Contents of Gentzen's consistency proof of PA It is surprising that there is lack of information on Gentzen's consistency proof - sure, there are some contents on Gentzen's first consistency proof of Peano axioms, but not on what we usually say Gentzen's consistency proof.  Thus the question: what would be rough descriptions of Gentzen's consistency proof?
What I can start with is this: what Gentzen wanted to do is to start from a weaker system than PA so that consistency claims will not be controversial. But a weaker system cannot prove consistency of PA, so one needs to add something, but one needs to make sure that such addition can be well-accepted and the resulting system is not stronger than PA. That addition is quantifier-free induction up to $\varepsilon_0$, and the system being used is PRA. 
My question thus now is, how would PRA and this induction principle connect to establish consistency proof?
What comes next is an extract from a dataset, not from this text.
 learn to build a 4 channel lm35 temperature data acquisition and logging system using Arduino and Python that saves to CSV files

While a good reference, preferably existing on Internet, is OK, I think it would be better if this question is directly answered, as it can serve as a good reference for other people as well.
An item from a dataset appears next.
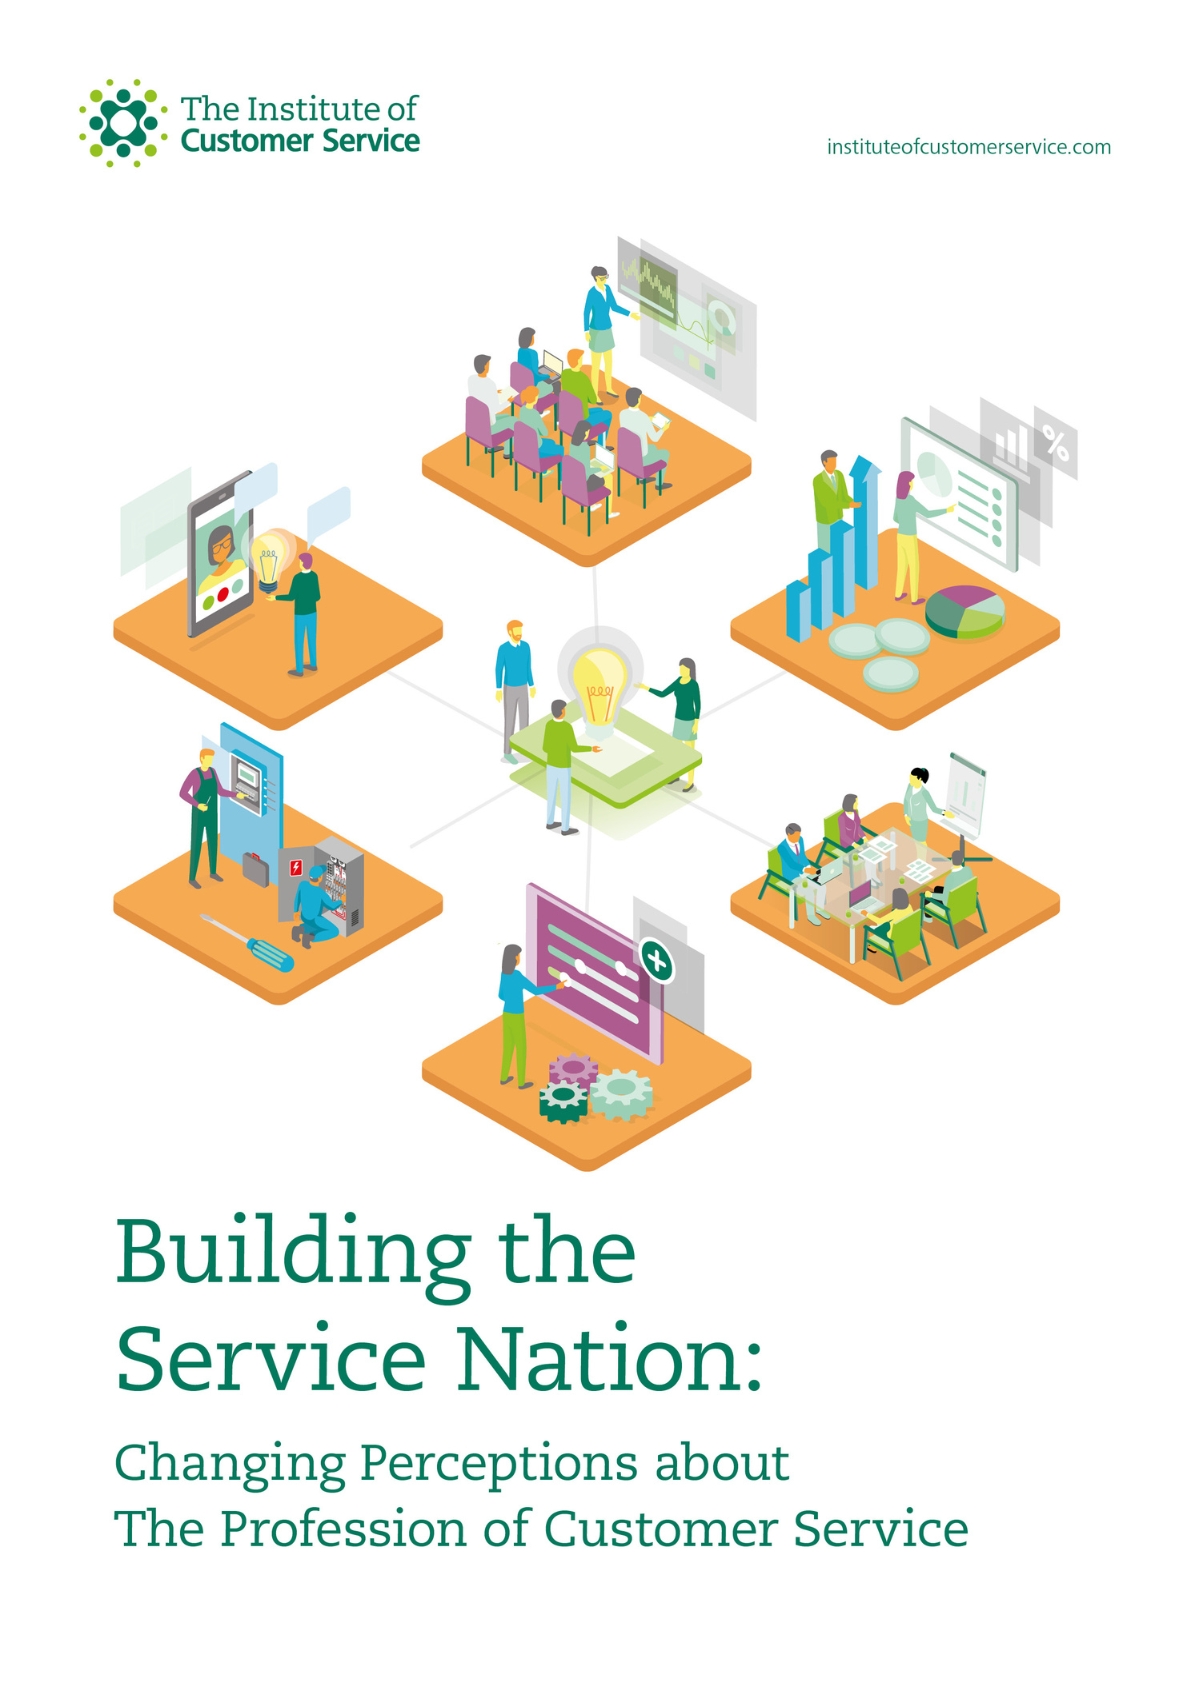 Building the Service Nation: Changing Perceptions about the Profession of Customer Service

(In addition, it is a bit hard for me to see how we can form base case for $n=0$. What would be the base case here?) 
 A: In very rough outline, Gentzen's proof is as follows. He defines primitive recursive (with respect to standard codings) functions $C$ from proofs in PA to ordinals $<\epsilon_0$ and $E$ from proofs to proofs, with the following properties, for all proofs $p$. (1) If $C(p)>0$ then $C(E(p))<C(p)$. (2) The conclusion of $E(p)$ is the same as that of $p$. (3) If the conclusion of $p$ is $0=1$ then $C(p)>0$. These three properties are proved by finitary reasoning formalizable in PRA.  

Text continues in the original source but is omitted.